Clicking the arrow next to the stage name (← MARK_DUPLICATES in the above example) will return to the pipeline-level metadata view.
The Sweeping section allows you to view the MRO call used to invoke this stage (invocation) and information about the split and join components of the stage if it was parallelized.
Martian, the pipeline framework used by Cell Ranger, supports parameter sweeping for pipelines. The Forks and Permute fields in the Sweeping section would display information about different parameters being swept, but no Cell Ranger pipeline currently performs parameter sweeping. These fields will always contain only trivial information as a result. |
The Argument Bindings and Return Bindings sections display the inputs and outputs of the stage:
In general, only top-level pipeline stages (those represented by rectangular nodes in the process graph) contain return bindings.

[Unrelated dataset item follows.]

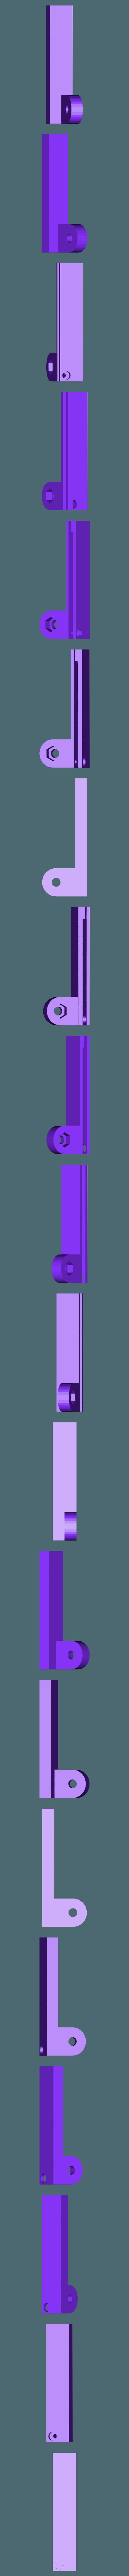 LeftBottom.stl Download free STL file Arduino Uno Slider w/ 2x16 LCD • Design to 3D print, NHiggs

The Chunking section displays information about the parallel execution of the stage:
Many stages are automatically parallelized and process different pieces (chunks) of the same input dataset in parallel. In the above example, the input dataset (the BAM file from the SORT_BY_BC stage according to the Argument Bindings section above) was split into 39 chunks for this stage. Chunks 0-30 already completed, 31-35 are in flight, and 36-38 are waiting for CPU and/or memory to become available before running.
Clicking on an individual chunk exposes additional options for viewing metadata about that chunk's execution (Chunk Def) including how much RAM (__mem_gb) and how many cores (__threads) it requests. As with the Sweeping section, additional metadata associated with the chunk execution can also be viewed.
You can also examine pipestances that have already completed using the Cell Ranger UI. Assuming your pipestance output directory was /home/jdoe/runs/sample345, simply re-run the cellranger command with the --noexit option passed along with --uiport to re-attach the UI:
$ cellranger run --id=sample345 \ --transcriptome=/opt/refdata-cellranger-1.1.0/hg19 \ --fastqs=/home/jdoe/runs/HAWT7ADXX/outs/fastq_path \ --indices=SI-3A-A1 \ --cells=1000 \ --uiport=3600 \ --noexit Martian Runtime - 2.0.0 Serving UI at http://localhost:3600 2012-01-01 12:00:00 [runtime] Reattaching in local mode. Running preflight checks (please wait)... Pipestance completed successfully, staying alive because --noexit given.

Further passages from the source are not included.